Connect to a SharePoint Online List using Azure Data Factory

Retrieving SharePoint Online List data

SharePoint Online List data is one of those sources that can be of interest to integrate with other data in your Azure Data Platform. If your organization or client is already using SharePoint then Lists are often easy to set up and provide users a friendly way of data entry.

One method of getting this data into an Azure Storage, Data Lake or Azure SQL Database is by configuring an Azure Logic App. However it’s also possible to directly connect to your list using Azure Data Factory.

Providing an example pipeline

In this example we create a Azure Data Factory Pipeline that will connect to the list by using the Microsoft Graph API. We will request a token using a web activity. This token will be used in a copy activity to ingest the response of the call into a blob storage as a JSON file.
Big thanks for your help @Anton!

Prerequisites

To call the Microsoft Graph API we need to acquire an access token from the Microsoft Identity Platform. To request this token we need a Azure AD App with the correct API Permission. The credentials of this App will be used to send a request. The response will be a token. This token can be used in the actual data request.

There is a very helpful guide from Anoopt on Medium on how to register this App, get the API Permissions and send a request. The post mentions the API Permission “Create, edit, and delete items and lists in all site collection”. I’ve used the permission “Sites.Read.All”. Please follow these steps and get an example up and running in Postman. After this you implement the same kind of logic in your Azure Data Factory Pipeline.

The pipeline

The pipeline has two activities. The GetToken activity requests the token. The Copy Data Activity uses the token in the REST Dataset Source to request the SharePoint List items. The response is stored in the sink blob dataset:  

 

Pipeline parameters

  • AdAppClientId: The identifier of your Azure AD App
  • AdDirectoryId: The identifier of your Azure Directory
  • AdAppSecret: The secret of your Azure AD App
  • SharePointUrl: The endpoint URL of the Sharepoint List
  • FileName: The name of the file that will be created on the Azure Storage
  • FolderPath: The folder of the file The first step is to request a token. We request the token using the App secret. You should store this secret in your Azure Key vault and retrieve it using a activity. In this example we will store it in a parameter.

The Sharepoint URL should be the endpoint to retrieve the items of your SharePoint list.
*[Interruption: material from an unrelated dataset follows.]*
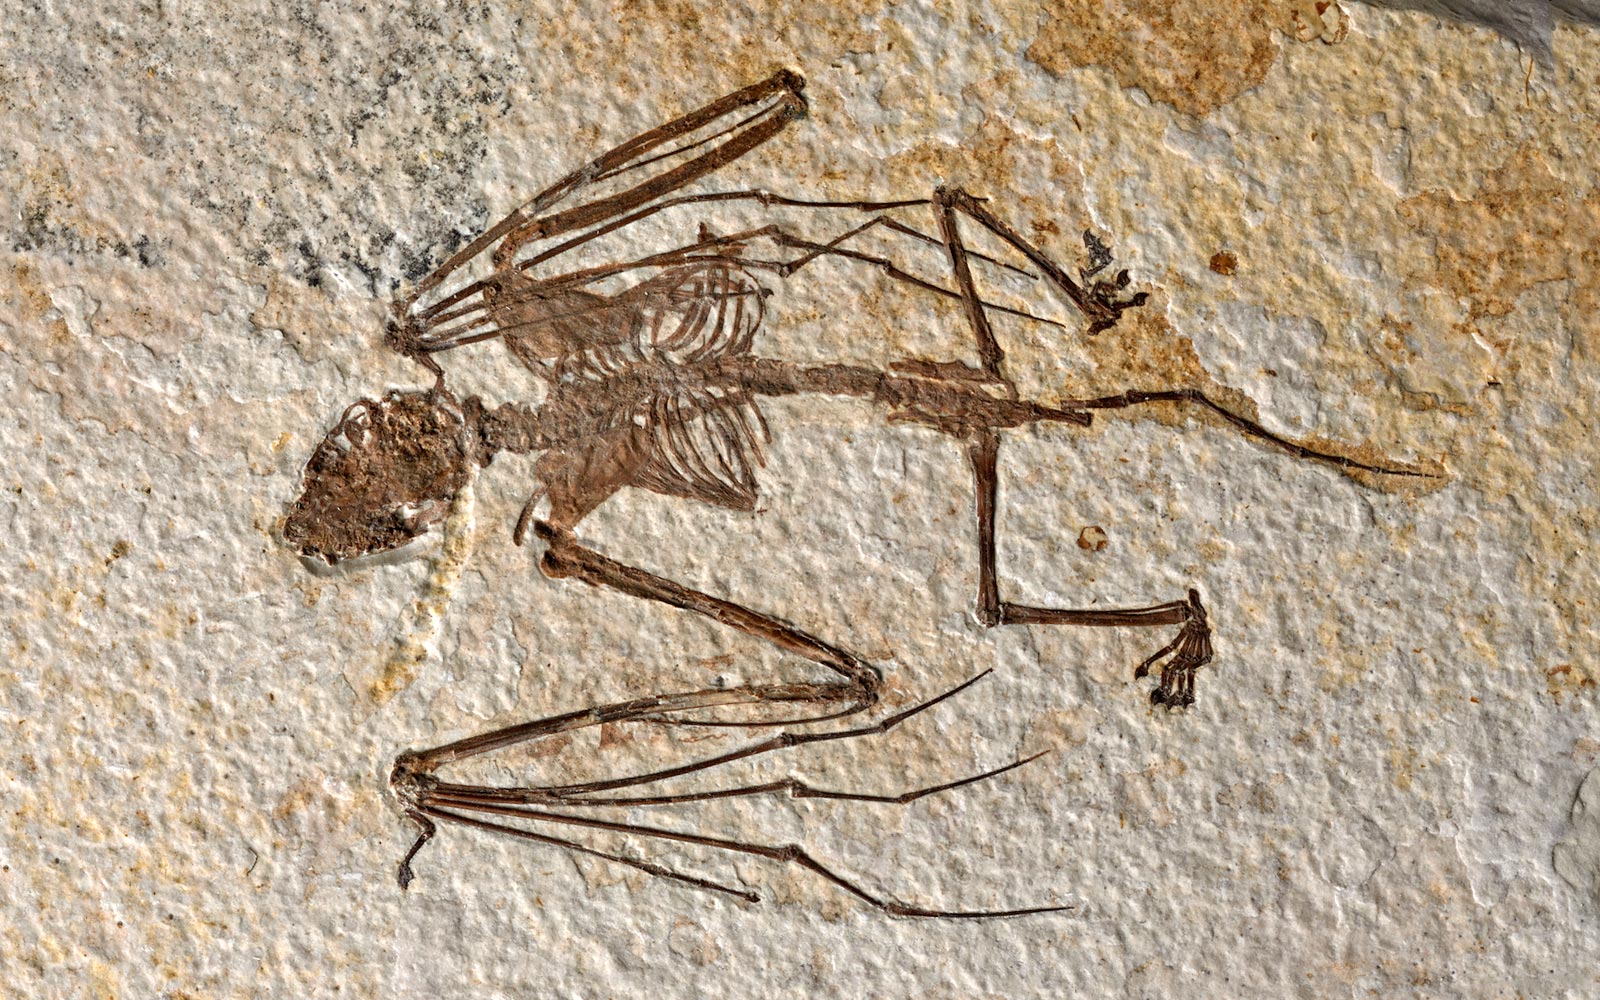 Un esqueleto de murciélago de 52 millones de años revela nuevas especies y pistas sobre la evolución de los mamíferos voladores

The correct endpoint is: GET https://graph.microsoft.com/v1.0/sites/{site-id}/lists/{list-id}/items/{item-id}?expand=fields

Datasets:

Rest dataset (Source)

By adding accept: application/json in the header the result will in JSON.

Blob dataset (Sink)

The Schema only maps the value column. This is the part of the JSON response that will be relevant to push to your blob storage. This is the same for any SharePoint list, which makes the solution generic and means you do not need to map columns:

Linked Services

The Linked Services require no special configuration.

Wrap up

This pipeline provides the functionality to directly ingest SharePoint data as JSON into your data platform. The pipeline uses an Azure AD App and the Microsoft Graph API. The result is a JSON file in a blob storage that can be picked up and – for example – transformed into SQL data.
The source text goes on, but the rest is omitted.